Bill was grinning from ear to ear. He was practically drooling.

“You mean… ?” he stammered.

“You know what I mean. I know what I want, and I don’t waste time about it.”

“Let’s get this straight. You’ll give me anything I want if I let you win this case?”

“I won’t give you a damn thing. But I’ll let you take what you’re man enough to take, without any repercussions.”

He thought about it. This made it even more enticing.

“When?”

“Right now.” She walked over to the door and locked it.

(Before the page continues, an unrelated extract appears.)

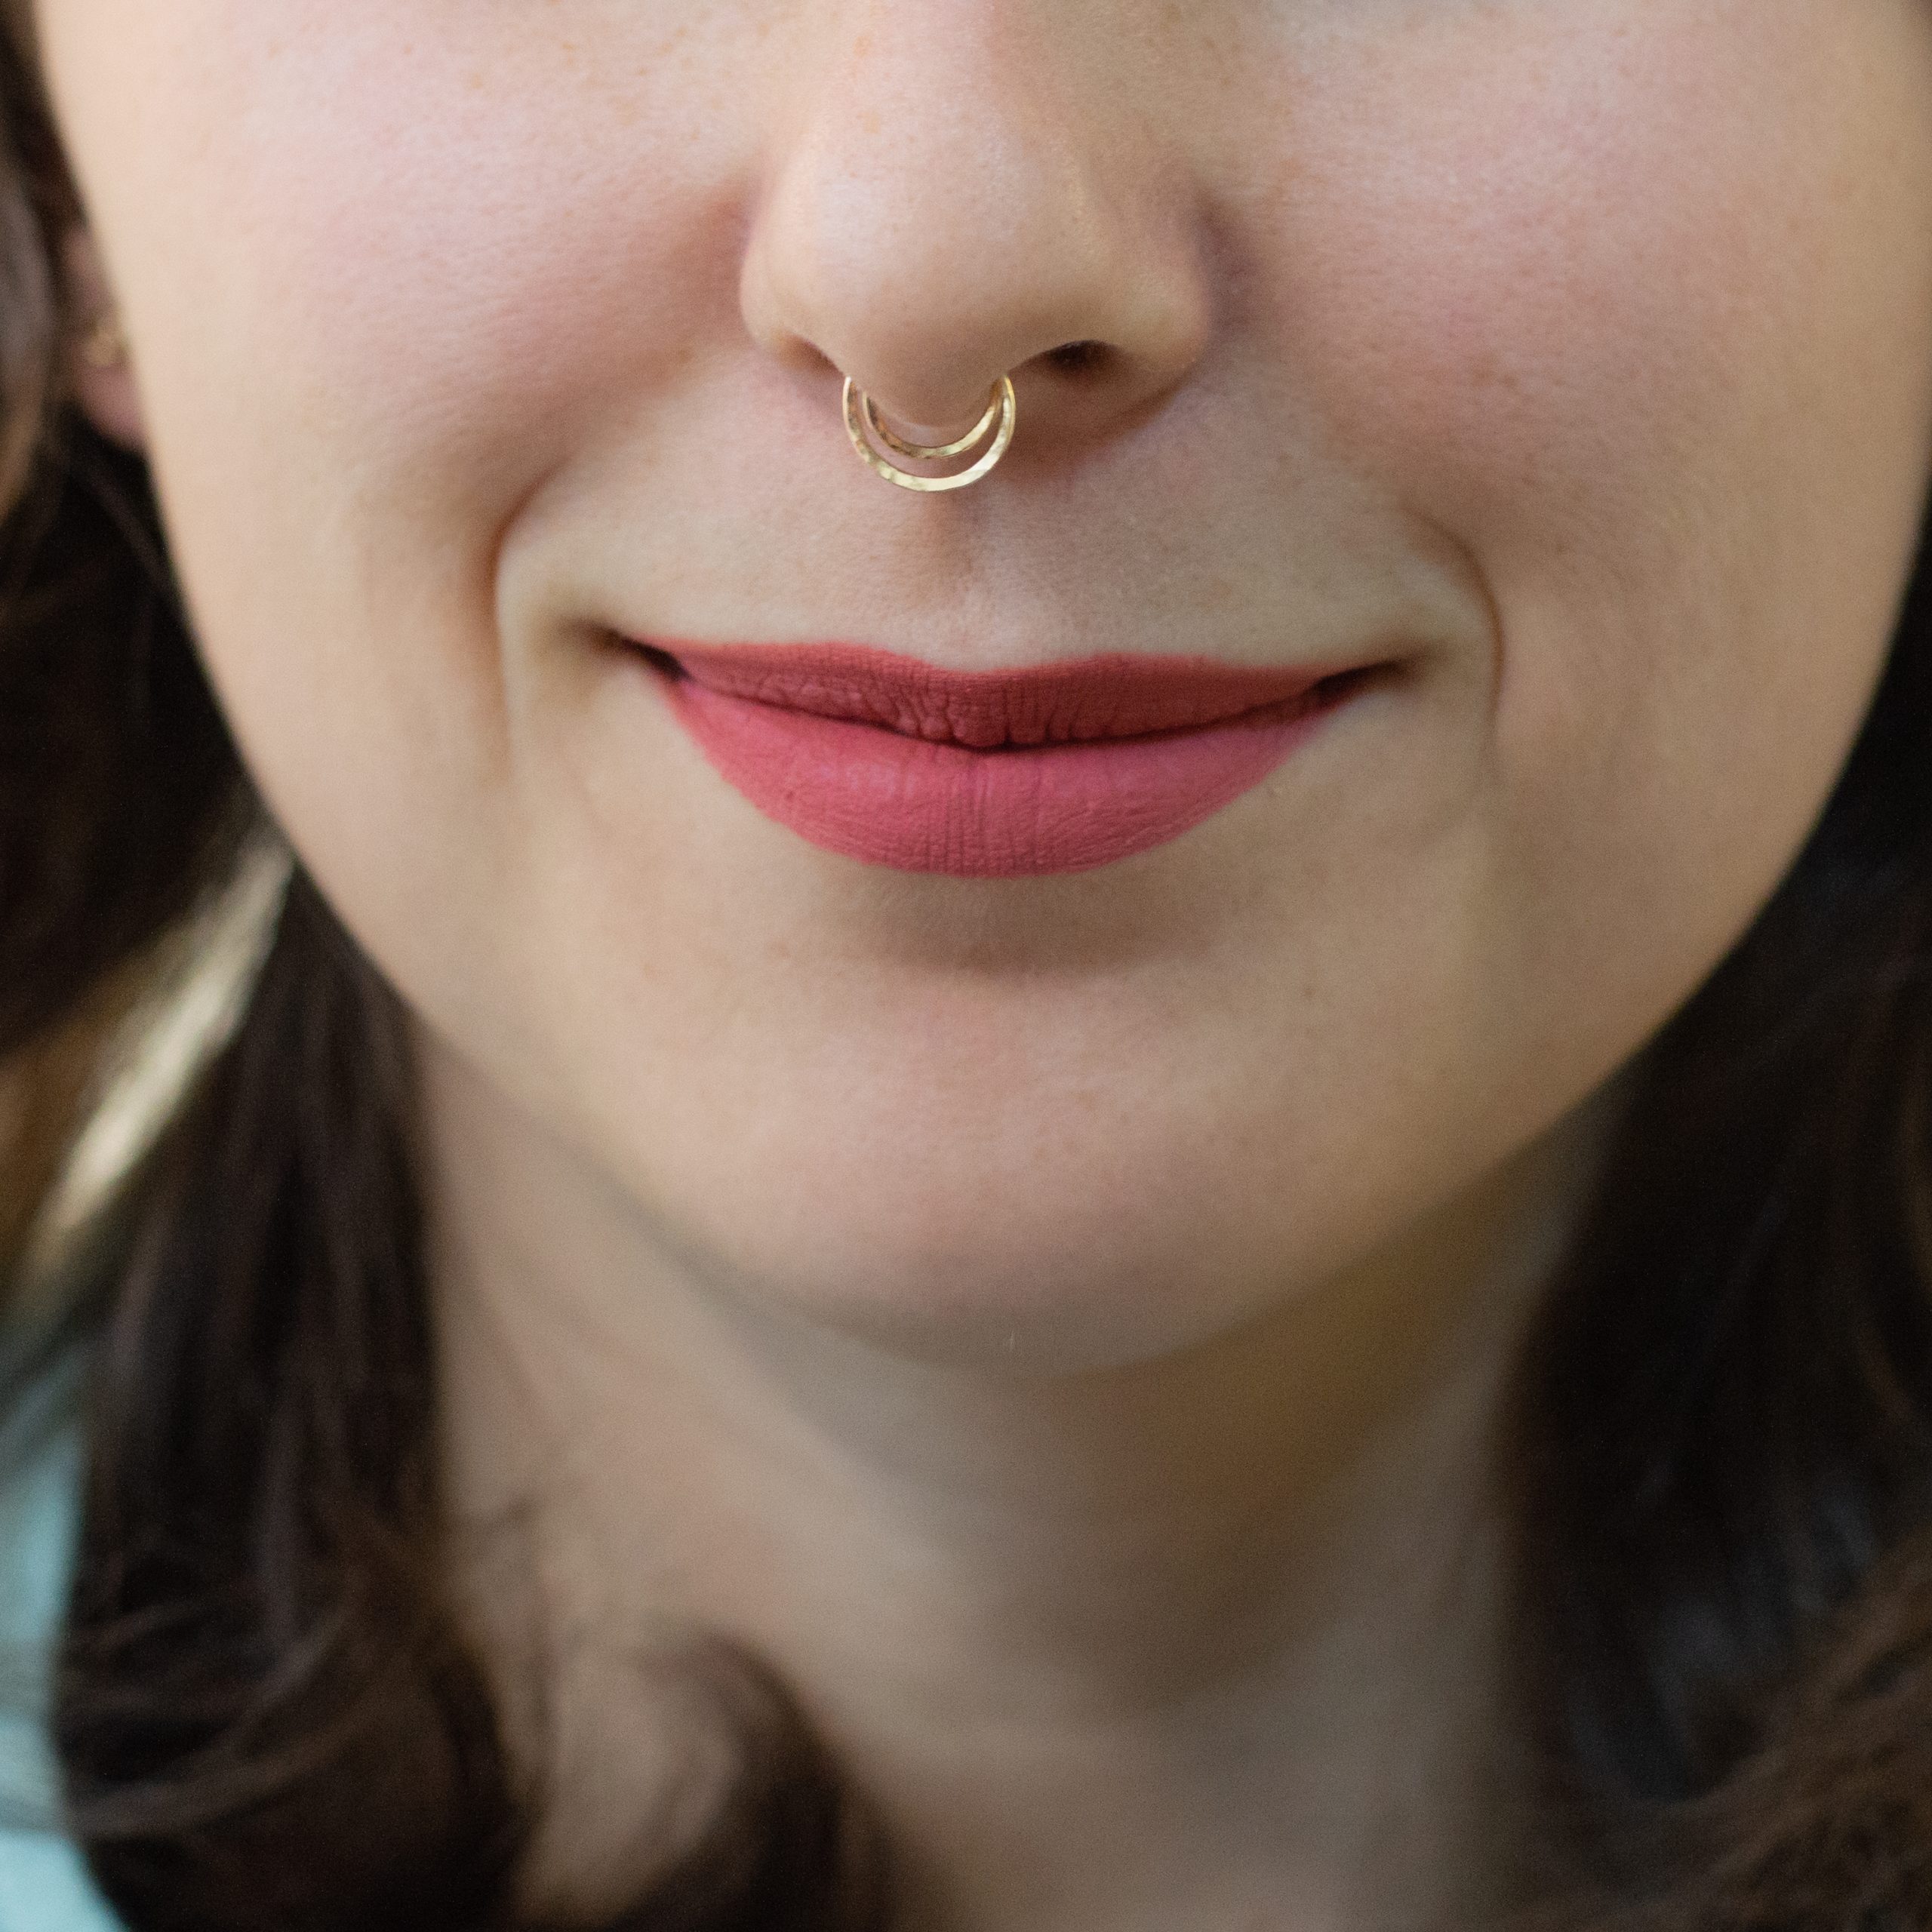 Buy Nose Rings No Piercing Needed, Fake Nose Ring, Faux Septum Ring, Fake  Lip Ring Online in India - Etsy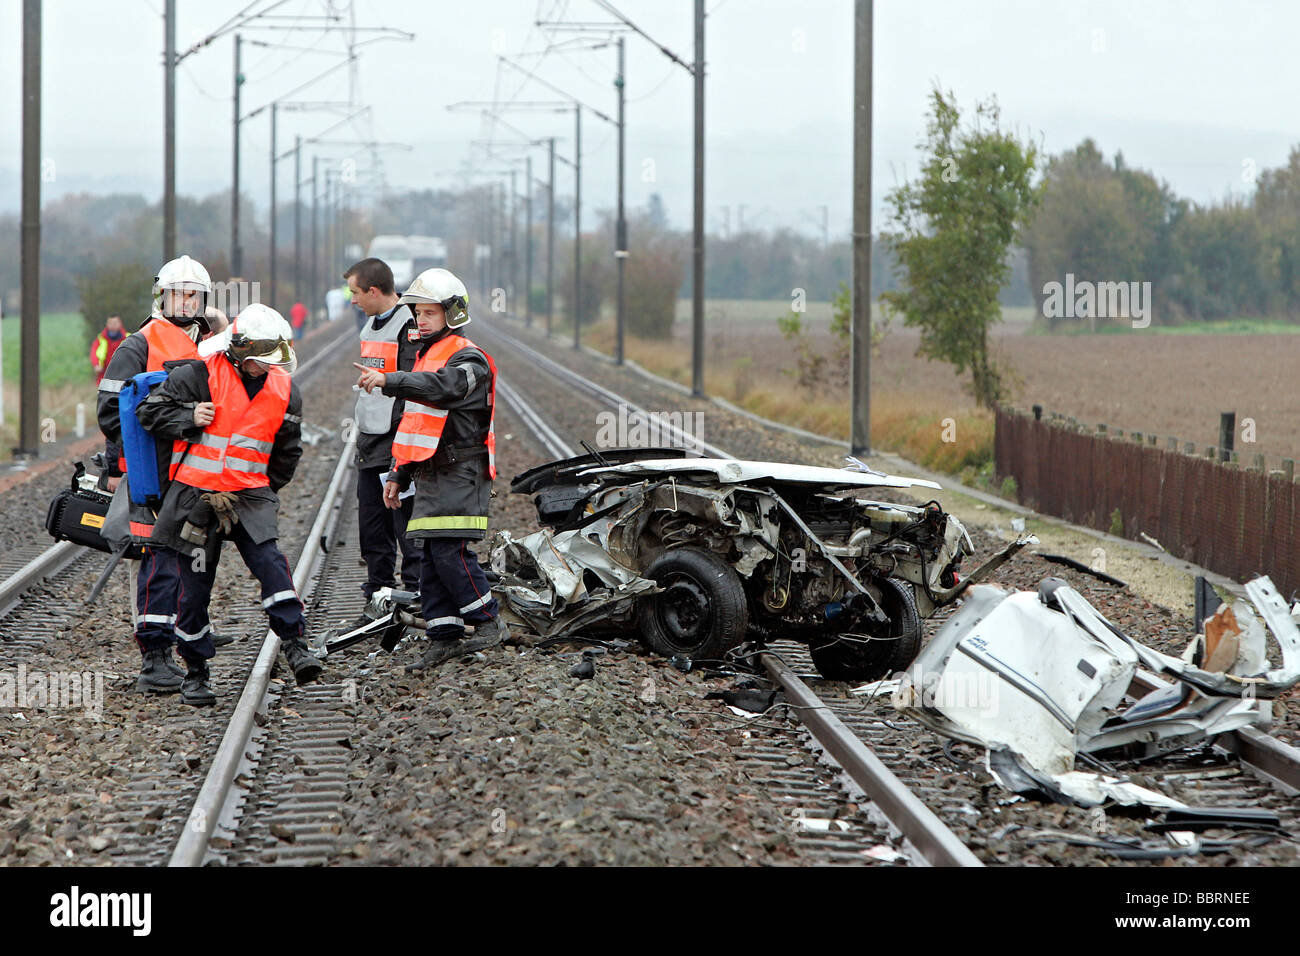 FIREFIGHTERS AT THE SCENE OF A TRAIN ACCIDENT, TGV CRASHED INTO A CAR, ONE PERSON KILLED, TOWN OF CRISSE, SARTHE (72), FRANCE Stock Photo

His eagerness made the oft referenced eager beaver seem reluctant. He rushed forward, reached, but never grasped. Somehow he found himself landing flat on his back short of the couch. This had to be an accident. He charged forward again. This time he felt himself flying through the air and he knew it was over when his face encountered the corner of the desk. He stood up, painfully, and put on his coat.

“Sorry,” he said as he went out the door, “You win. I thought you were a woman.”

You’ll never know how much a woman, she thought as she adjusted her clothes.

Next day Arnie heard the good news. Case closed. No details of how it was done.

“What’s the fee?” he asked.

“A pound of flesh,” she answered, “but I don’t want you detached from it.”